HTC America Settles FTC Charges It Failed to Secure Mobile Devices

Posted in Data Security, Federal Trade Commission, Mobile, United States

Mobile device manufacturer HTC America has settled Federal Trade Commission (“FTC”) charges that the company failed to take reasonable steps to secure the software it developed for its smartphones and tablet computers, introducing security flaws that placed sensitive information about millions of consumers at risk.  The settlement requires HTC America to develop and release software patches to fix vulnerabilities found in the HTC devices.  The settlement also requires the company to establish a comprehensive security program designed to address security risks relating to the development of HTC devices and to undergo an independent security assessment every other year for the next 20 years.

HTC America develops and manufactures mobile devices based on the Android, Windows Mobile, and Windows Phone operating systems.  The FTC charged that the company failed to employ reasonable and appropriate security practices in both the design and customization of the software on its mobile devices. Among other things, the complaint alleged that HTC America failed to: provide its engineering staff with adequate security training; review or test the software on its mobile devices for potential security vulnerabilities; follow well-known and commonly accepted secure coding practices; and establish a process for receiving and addressing vulnerability reports from third parties.
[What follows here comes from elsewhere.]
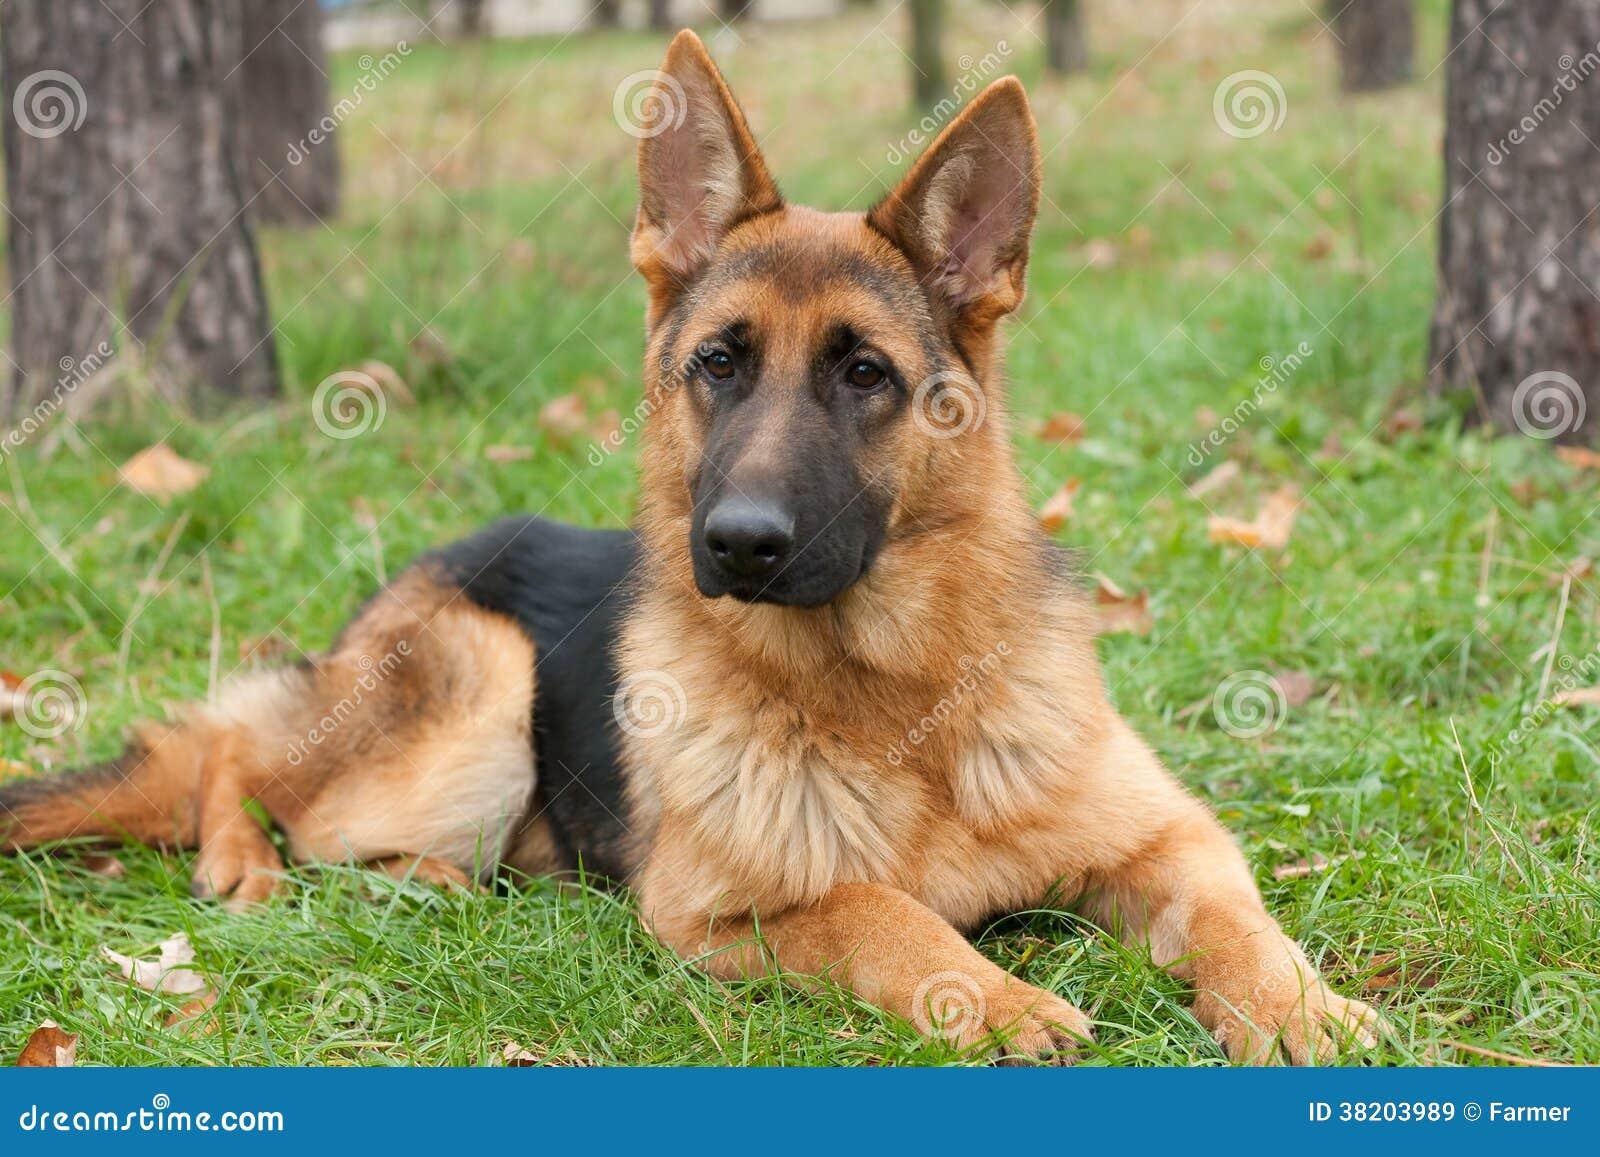 German Shepherd Dog Stock Image Image Of German Security 38203989

Because of these alleged failures, the FTC’s complaint details several vulnerabilities found on HTC’s devices, including the insecure implementation of two logging applications—Carrier IQ and HTC Loggers—as well as programming flaws that would allow third-party applications to bypass Android’s permission-based security model.  Due to these vulnerabilities, the FTC charged that millions of HTC devices compromised sensitive device functionality, potentially permitting malicious applications to send text messages, record audio, and even install additional malware onto a consumer’s device without the user’s knowledge or consent.